Консервативный вызов русской культуры - Русский лик - страница 28

Шрифт
Интервал

стр.

Ал. М. Они, Володя - писатели уже двадцать первого века. Личутина прямо не впишешь в традицию деревенской прозы, он далек и от Толстого, и от Тургенева, Бунина. Это уже иное словотворчество. Мне он ближе всего своей исторической прозой: "Скитальцами", "Расколом". Интересно следить за его мыслью. Он явно не традиционен, хитровато-прищуренный иронический взгляд на жизнь. Что вы все за люди-то? А как он купается в русском языке! Многим даже не понять от собственной скудости языка. У него какой-то избыточный язык, хватило бы на десятерых. Он же еще и сам придумывает слова. И эти придумки никогда не противоречат языковым нормам. Володя Личутин - это особая любовь моя. Ты его хорошо понимаешь, и души у вас родственные. Я убежден, ты о нем еще и книгу напишешь. И он к тебе душой нараспашку.

В. Б. А как вы, деревенский парнишка, вдруг так приросли не к Есенину, не к земляку северному Клюеву, а к "горлопану, главарю" Владимиру Маяковскому? Откуда такая левизна в северной глухомани?

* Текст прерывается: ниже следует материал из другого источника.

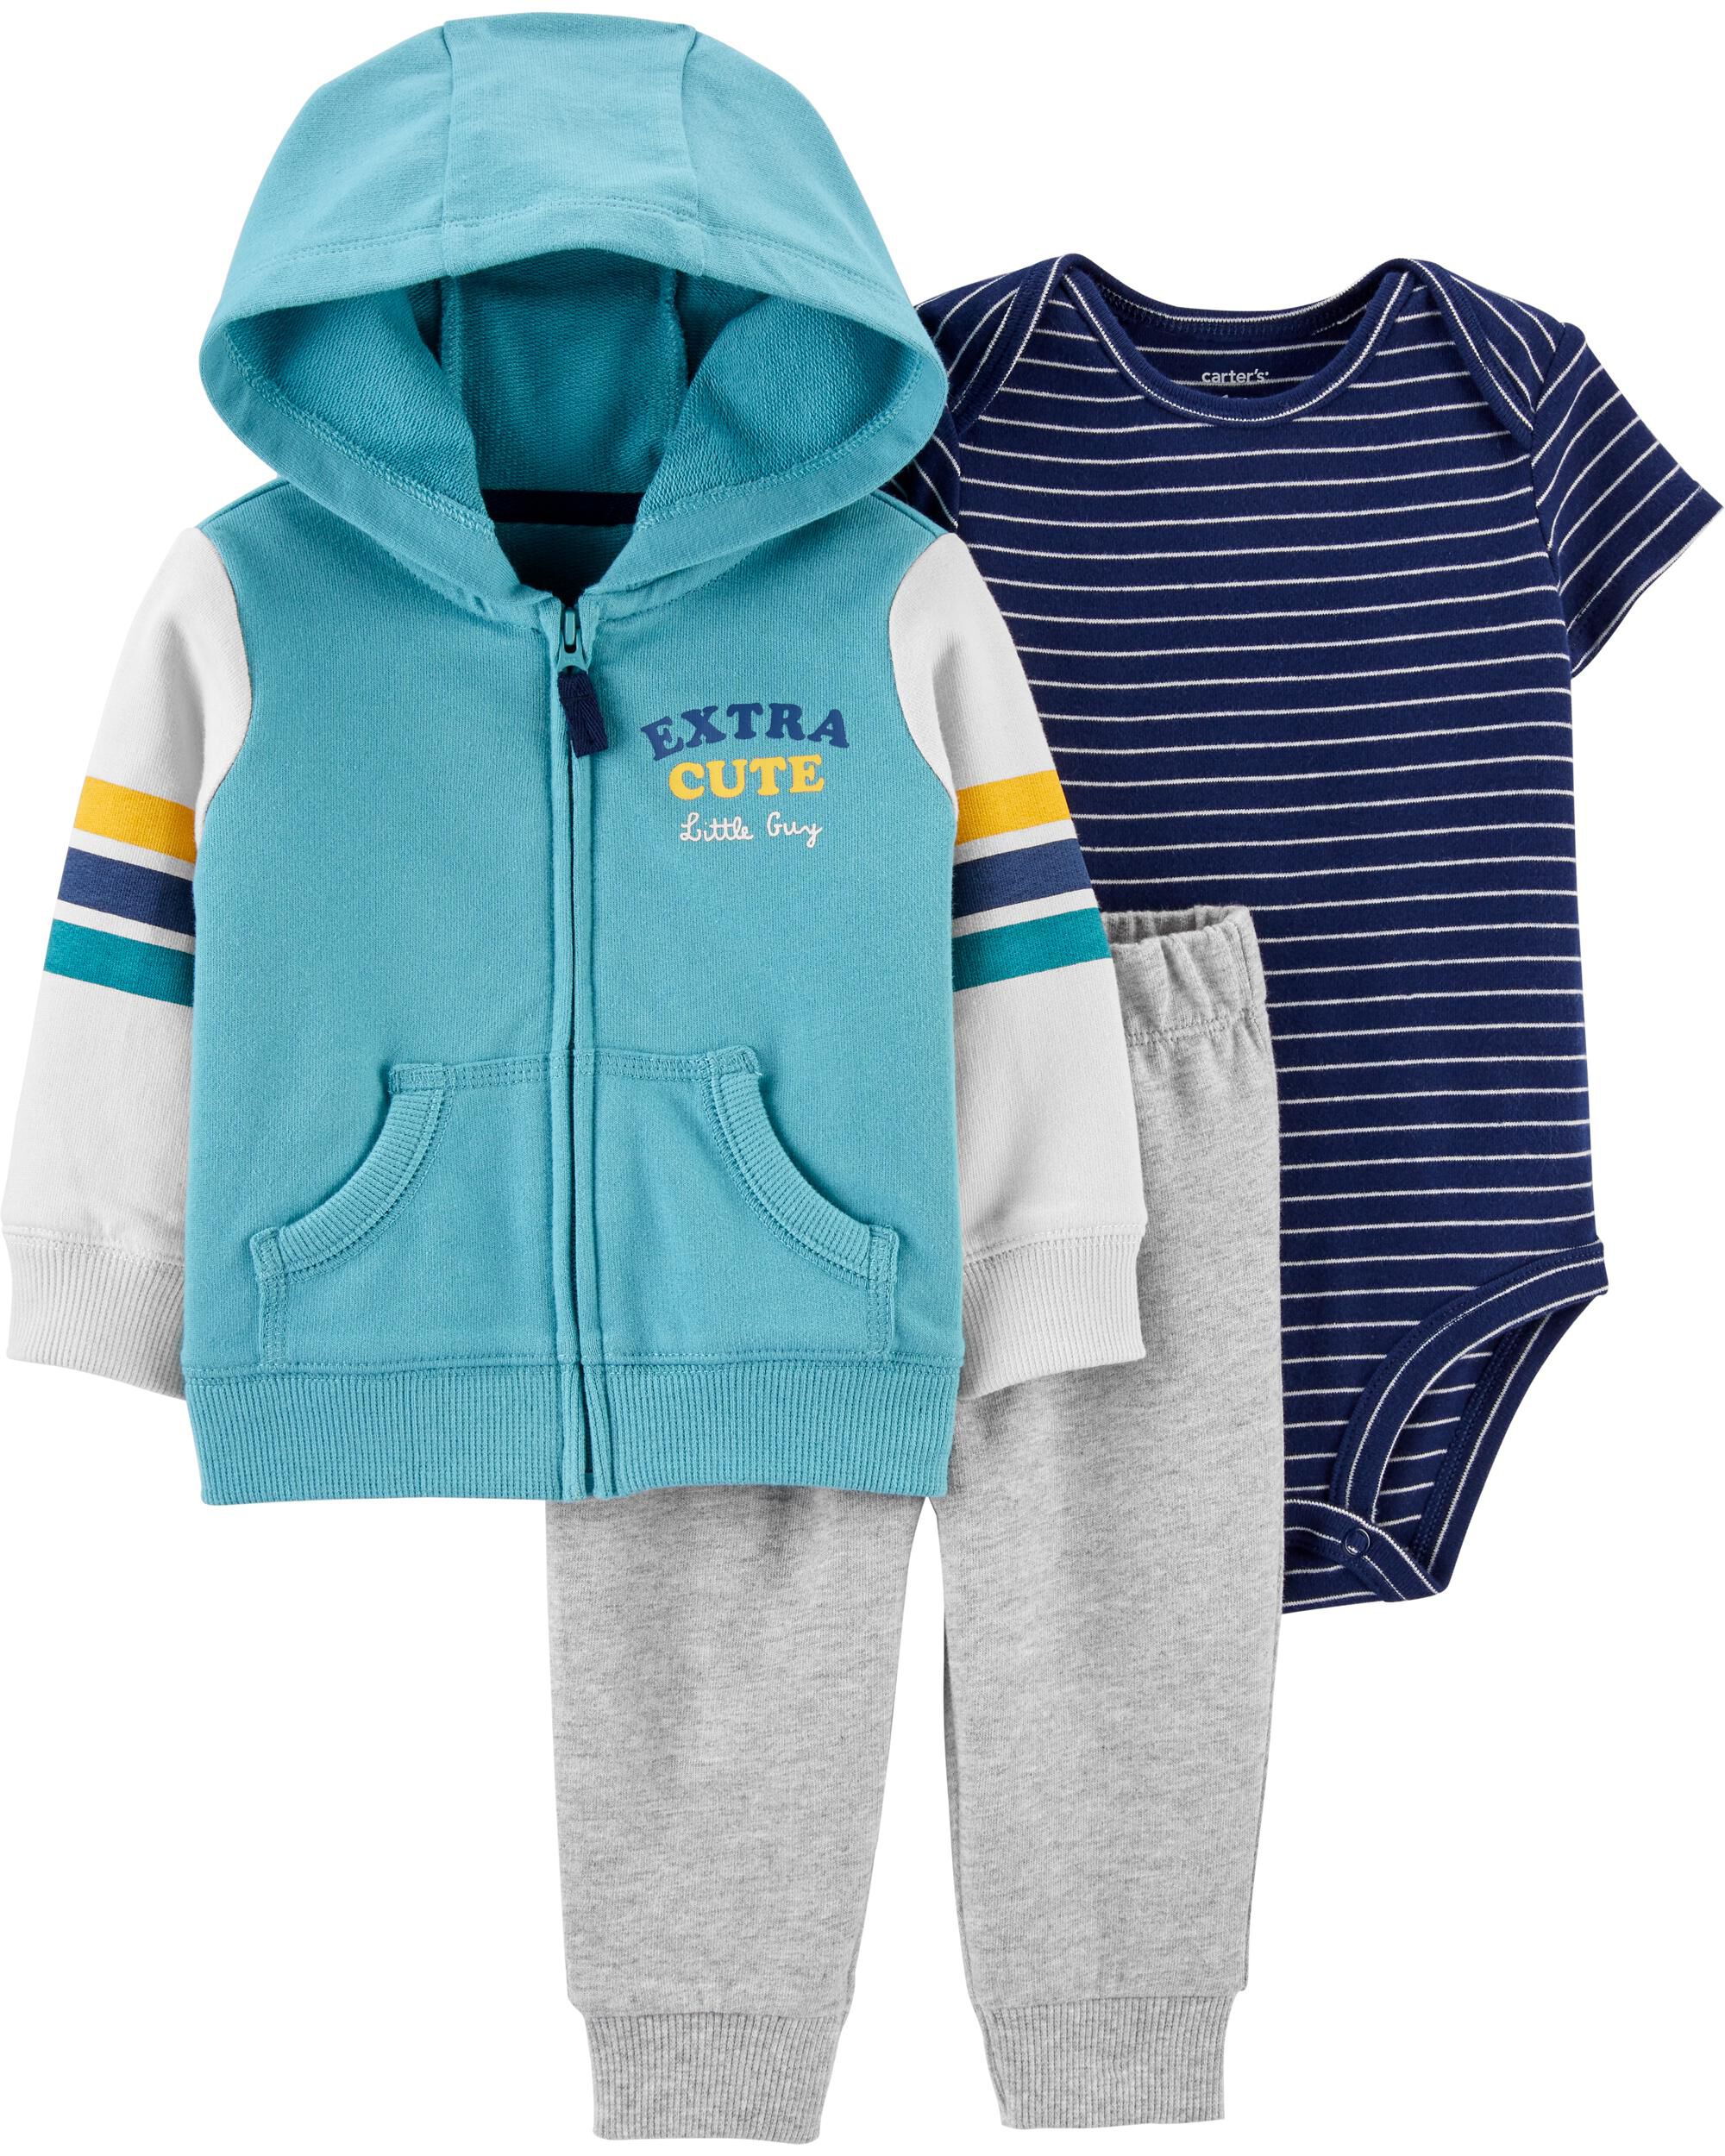 baby boy outfit sets

Ал. М. От учителя. Он так читал нам стихи Маяковского, что во мне зародилось желание знать всего поэта, понять его поэзию. Мне прислали в училище толстенный детгизовский том Владимира Маяковского. Я таскал его потом с собой по фронтам. И этот том у меня хранится с осколочным ранением. Я знал его наизусть. Читал солдатам в свободное время. Поэзия Маяковского возбудила во мне интерес ко всему новому в литературе.

В. Б. Что-то подобное было и у меня в юности. Сначала Маяковский, затем и все футуристы, ничевоки, лефовцы, все его окружение. Я переписывался с Лилей Брик, с уцелевшими осколками русского авангарда, а дальше уже стал искать молодых революционеров от искусства. Кстати, и первая опубликованная статья у меня была о Николае Асееве, верном его соратнике, талантливом русском поэте. Затем писал о Каменском, о Хлебникове. Охладили мой авангардный пыл как раз шестидесятники своим конформизмом и расчетливостью их "глотков свободы". Те же деревенщики оказались глубинно куда более смелыми и свободными, а их замах, как вы сами говорите, оказался более значимым.

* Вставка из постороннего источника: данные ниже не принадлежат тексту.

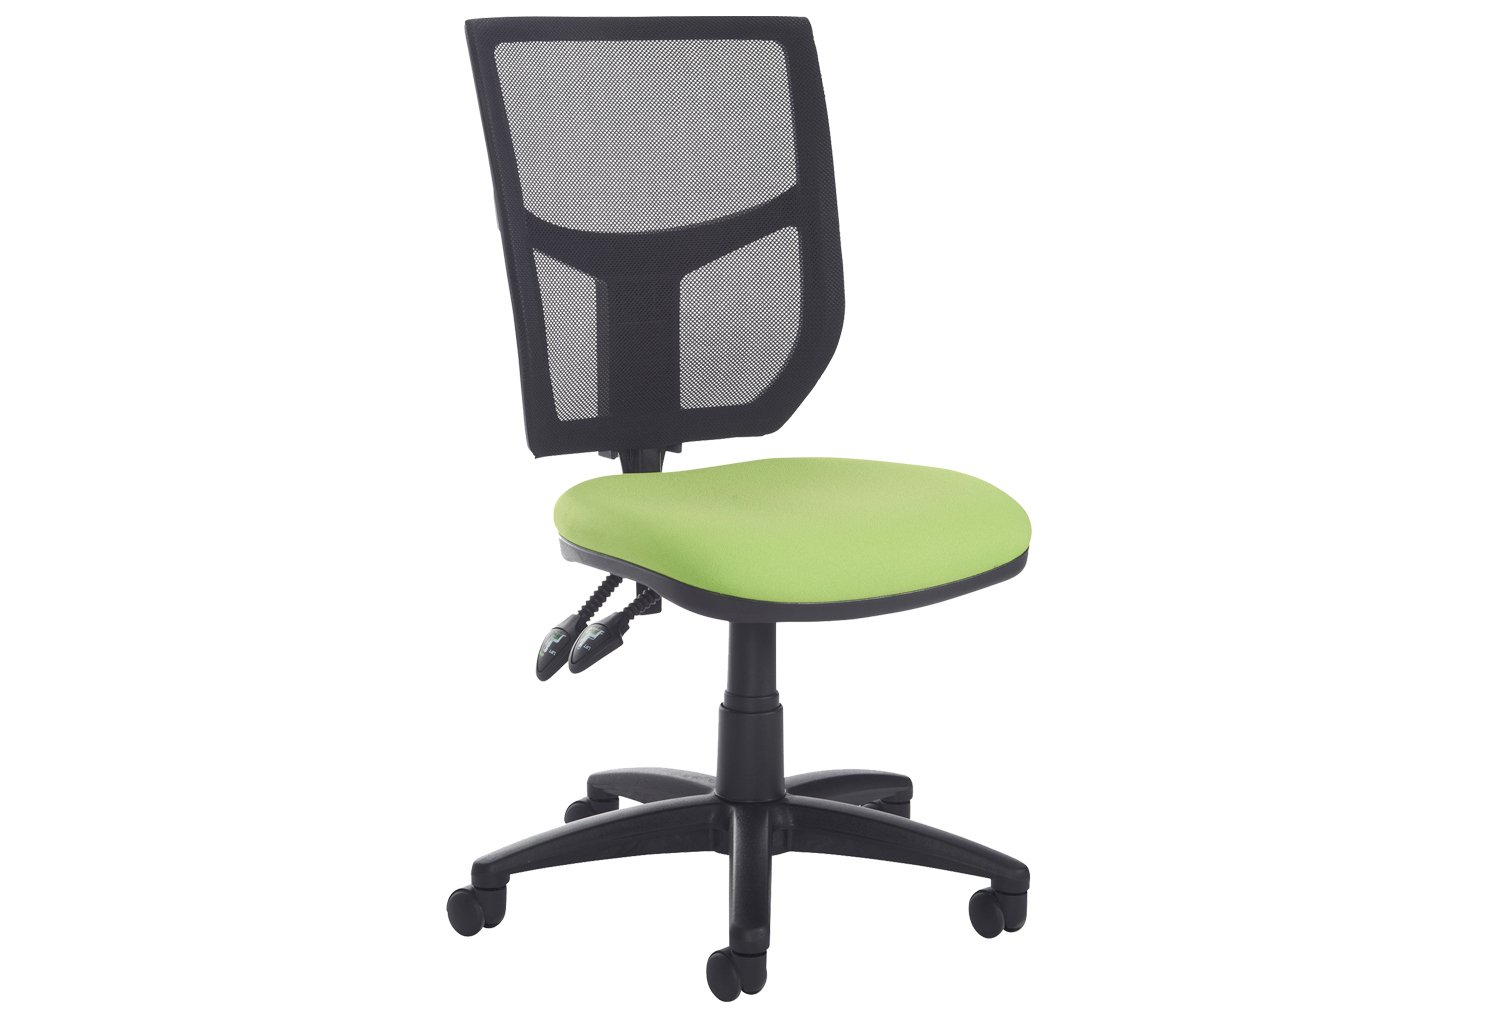 Gordy 2 Lever Mesh Back Operator Office Chair No Arms, Slip, Fully Installed

Ал. М. Рассудит время, Володя. Я помню, как кромсали статьи и книги к 90-летию Маяковского. А когда я только задумал написать о поэте в серии ЖЗЛ, мне известный цензор всей художественной литературы Солодин сразу говорит: это только через Старую площадь. То есть через ЦК КПСС. Этот страх перед цензорами долго висел перед всеми исследователями Маяковского. Ну, не был он никогда официозным поэтом, как бы его ни возвеличивал Сталин. И потом, когда кончилось царство цензуры, я написал вновь для ЖЗЛ практически вторую книгу, так много пришлось дополнять и изменять. На 80 процентов. Мне и ныне наиболее дорога из моих книг бесцензурная книга о великом Маяковском. А потом уже мои книги о родном Севере: "Северная тетрадь" и "Моя Гиперборея".

В. Б. Вы, Александр Алексеевич, человек ХХ века, вы сейчас не стоите перед бездной? Как вы оцениваете нынешнее время? Что вы видите в будущем?

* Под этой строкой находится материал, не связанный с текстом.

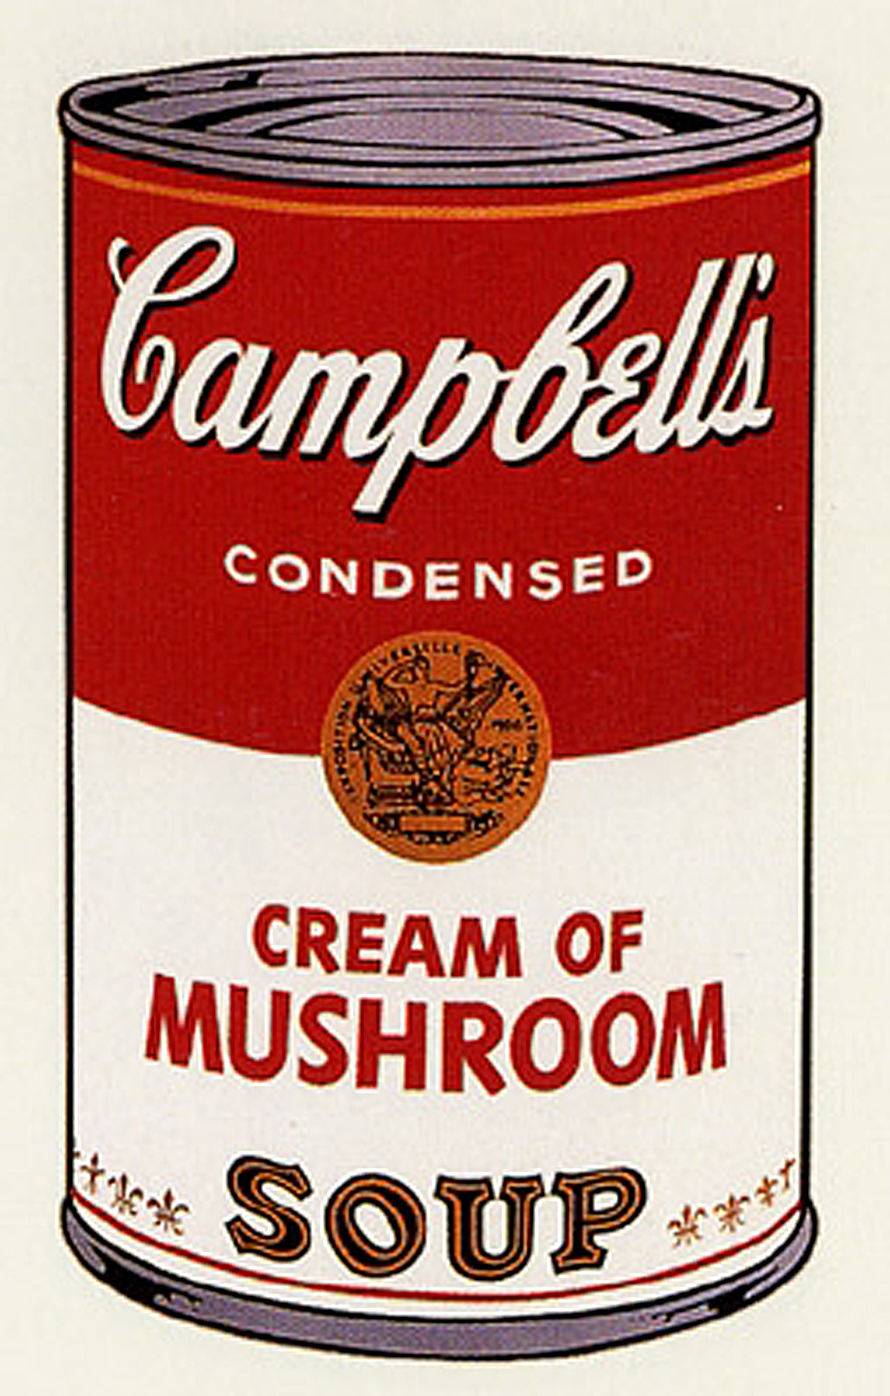 andy-warhol-campbell-s-soup-campbells-soup-i-cream-of-mushroom-1968

Ал. М. Не буду говорить о политике. Жаль, что сузилось культурное пространство. Потеряли при этом все народы, не только русский. Ведь многие народы сформировали свою весьма высокую культуру не без помощи русских, что бы они нынче ни говорили. И знали их благодаря русскому языку. Но не буду скрывать, нас самих тоже обогащало такое взаимодействие культур. А что сегодня? Хлынул поток западной самой дешевой и примитивной массовой культуры. Заполонил все. Тут и начинаешь взвешивать: где же и как же было лучше? А насчет нашего будущего - я осторожный оптимист. Без надежды нельзя жить даже в конце жизни. Надежда моя - на провинцию. Народ и там изменился не в лучшую сторону, но все-таки он там чище и лучше. Особенно у нас на Севере. Даже чиновники иные. А интеллигенты провинциальные - это же подвижники, абсолютно бескорыстные люди. Нищенствуют, оберегая культурное наследие всего русского народа. Может быть, они нас и спасут?

В. Б. Вы считаете себя советским человеком? Что определяет понятие "советскость"?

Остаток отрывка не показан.